Canada holds rate, tweaks guidance, raises 2012 forecast

By Central Bank News
    The Bank of Canada held its benchmark overnight target rate unchanged at 1.0 percent, as widely expected, and while the bank tweaked the language of its forward guidance, it repeated the same message that a “modest” rate rise may be necessary to keep inflation on target.
    The BOC, which has held rates steady since September 2010, also raised its 2012 growth forecast to 2.2 percent, up from a July forecast of 2.1 percent, held the 2013 forecast steady at 2.3 percent, but cut the 2014 growth forecast to 2.4 percent from a previous 2.5 percent.
    On Wednesday the BOC will release its quarterly Monetary Policy Report (MPR) and it had been expected to adjust forecasts following a speech by Governor Mark Carney this month that described the angst that has gripped financial markets and the synchronous slowdown in the global economy.
    The central bank said core inflation had been lower than expected in recent months but should increase gradually in coming months, reaching 2 percent by mid-2013. Overall inflation has also fallen below 2 percent but is projected to return to target by the end of 2013, later than anticipated.
    Canada’s annual inflation rate in September was unchanged from August at 1.2 percent, in the lower range of the bank’s 1-3 percent target. Last month the bank said it expected both consumer price and core inflation to return to 2 percent in the next year.
    The BOC said the global economy was unfolding largely as it had forecast in its July policy report with the U.S. expansion at a gradual pace and Europe continuing to contract.

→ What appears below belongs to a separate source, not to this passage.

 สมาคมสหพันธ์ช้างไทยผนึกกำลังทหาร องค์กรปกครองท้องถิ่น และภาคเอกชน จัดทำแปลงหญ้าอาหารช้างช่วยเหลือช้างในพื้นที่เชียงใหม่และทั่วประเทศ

But growth in China and other major emerging economies had contracted more than expected though there are signs of stabilization.

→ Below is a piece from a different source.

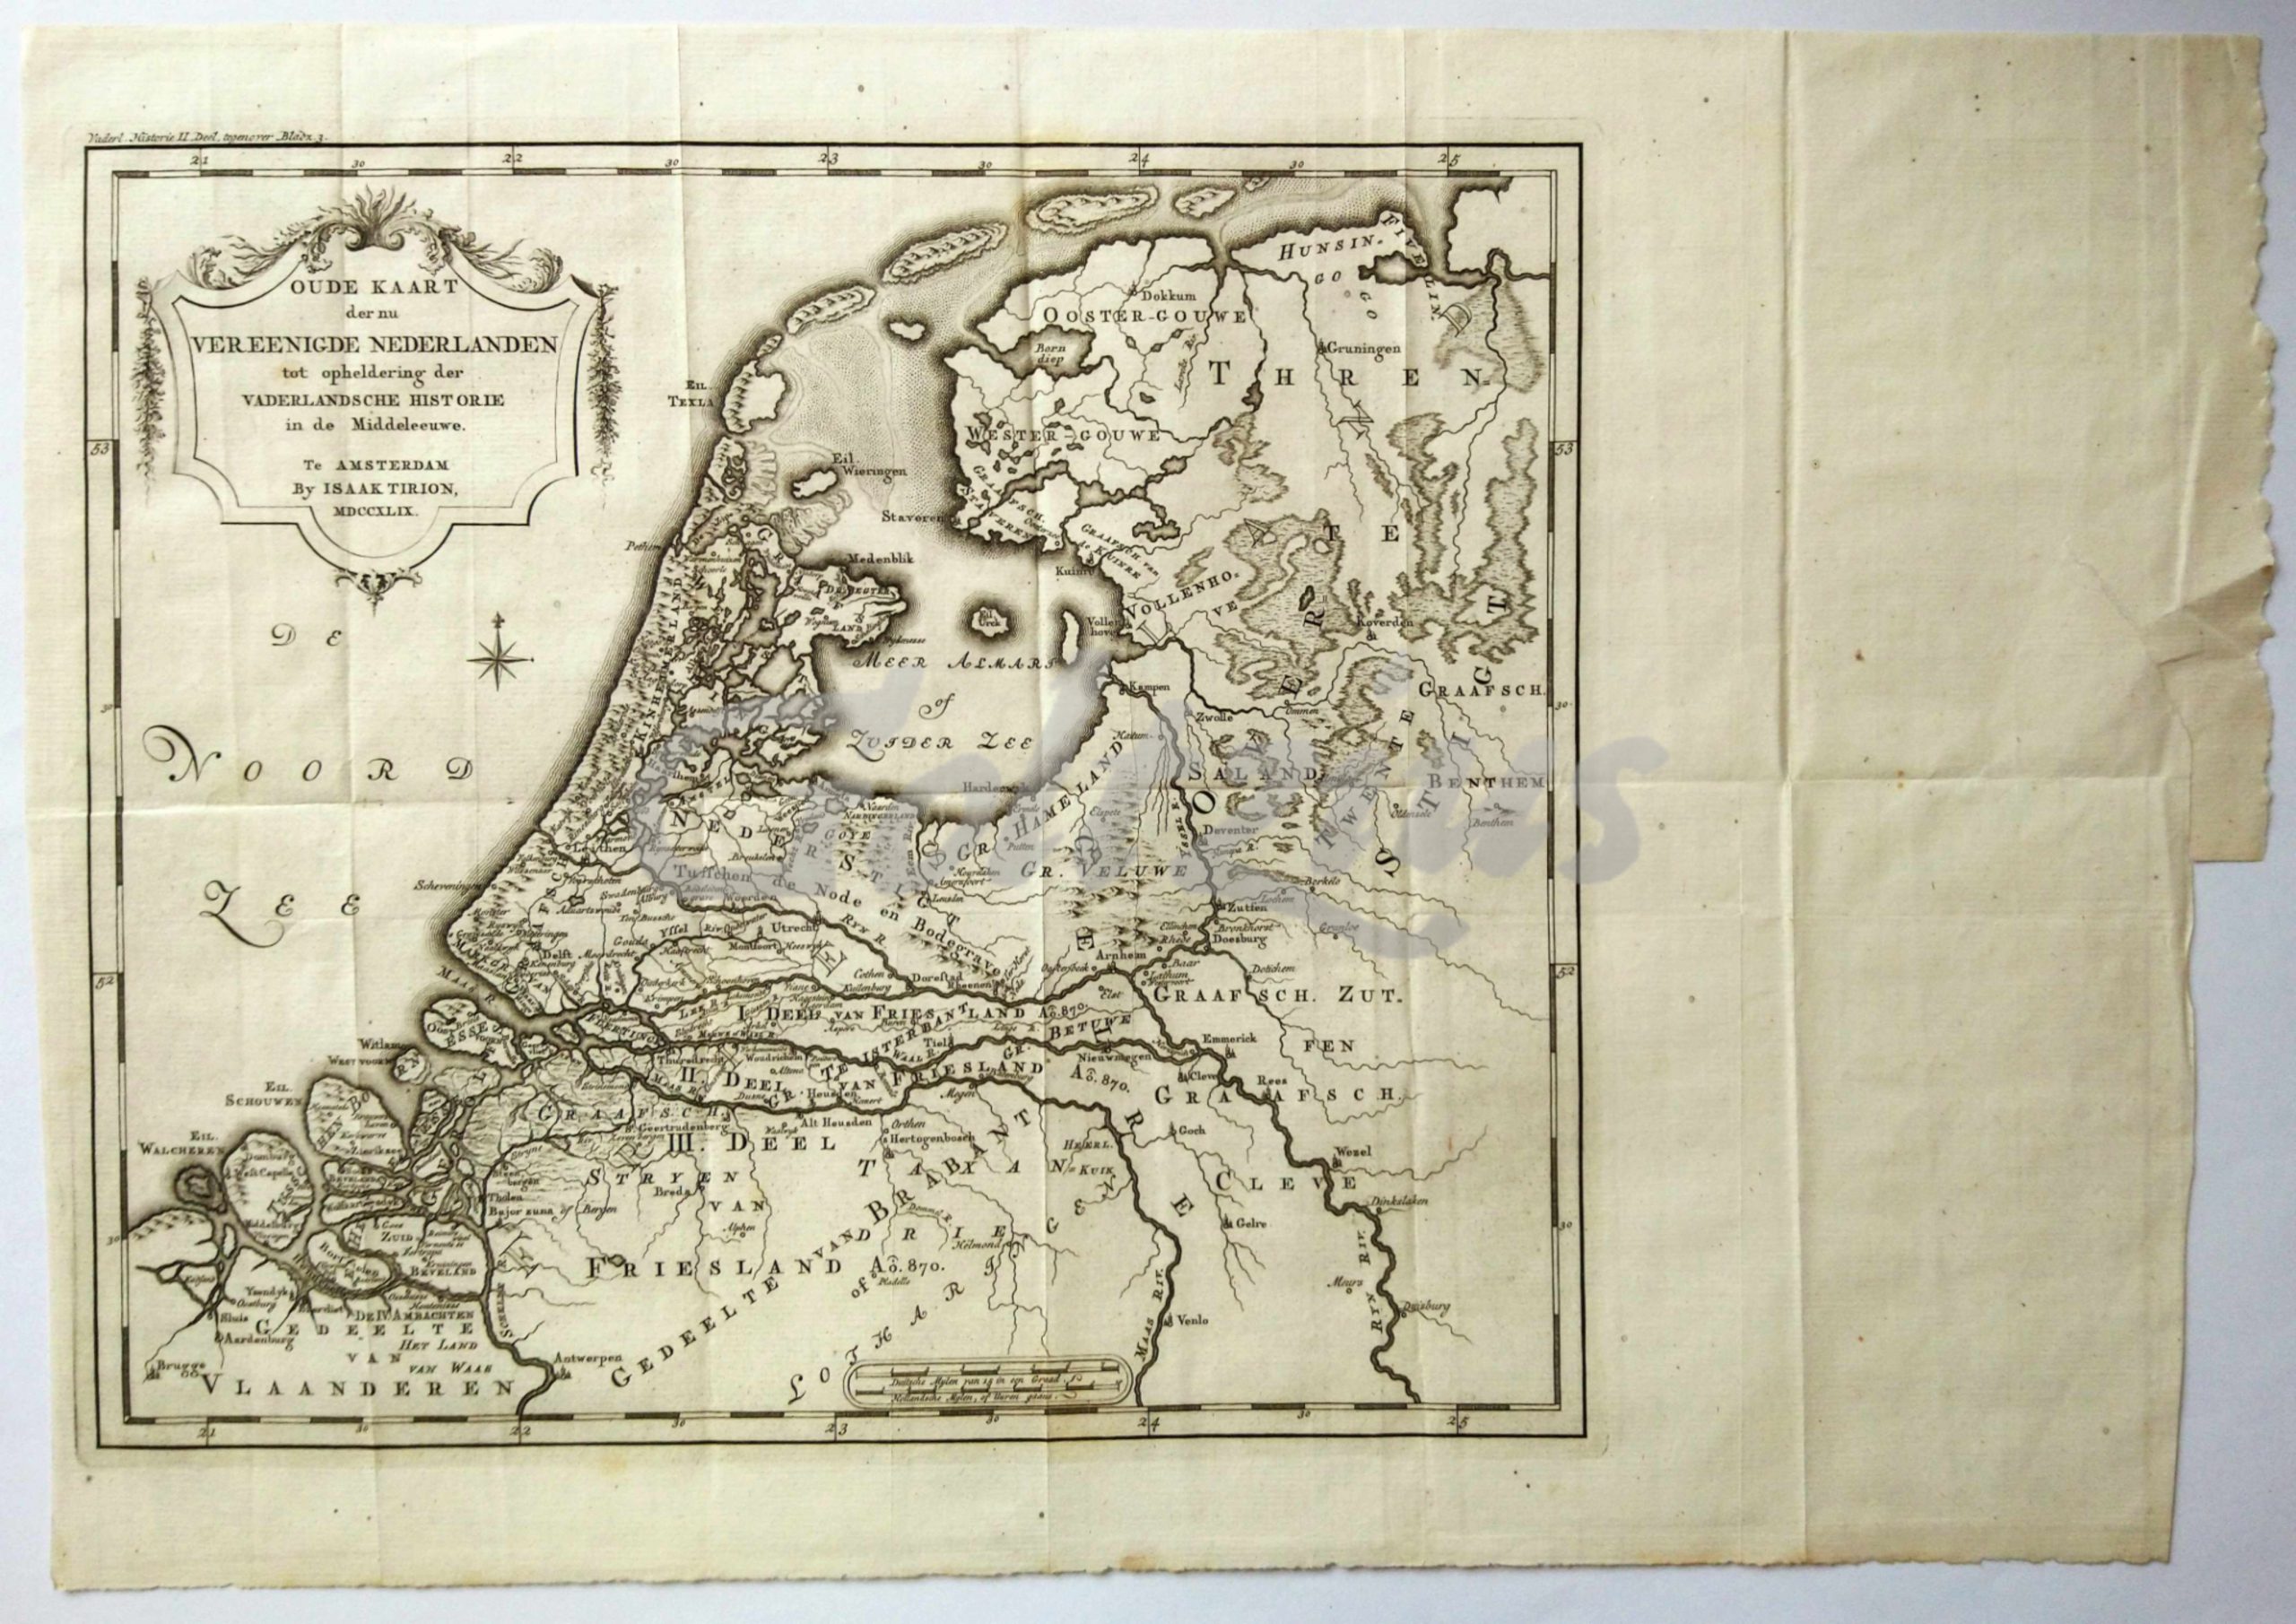 TIRION, IS., Oude kaart der nu Vereenigde Nederlanden tot opheldering der Vaderlandsche historie in de Middeleeuwe

     It also noted the improved global financial conditions, helped by policy actions by major central banks, but added: “sentiment remains fragile.”
    Global headwinds continue to restrain Canada’s growth but consumption and business investment is expected to drive the country’s growth that should reach full capacity by the end of 2013. Housing activity is expected to decline while household debt burden is expected to rise further before stabilizing by the end of the bank’s forecast horizon, the bank said.
    Canada’s Gross Domestic Product has expanded by a quarterly 0.5 percent the last three quarters in a row for a second quarter annual growth rate of 2.5 percent, up from 1.8 percent in the first quarter.
    Based on the deterioration in the global economy, financial markets had expected the BOC to moderate its forward policy guidance and remove the reference to future tightening.
    But the BOC repeated its past warning that a “modest” tightening in the future should be expected.
    “Over time, some modest withdrawal of monetary policy stimulus will likely be required, consistent with achieving the 2 percent inflation target. The timing and degree of any such withdrawal will be weighed carefully against global and domestic developments, including the evolution of imbalances in the household sector,” the BOC said.
    This statement compares with the BOC’s previous statement that was used since April.
    “To the extent that the economic expansion continues and the current excess supply in the economy is gradually absorbed, some modest withdrawal of the present considerable monetary policy stimulus may become appropriate, consistent with achieving the 2 per cent inflation target over the medium term.”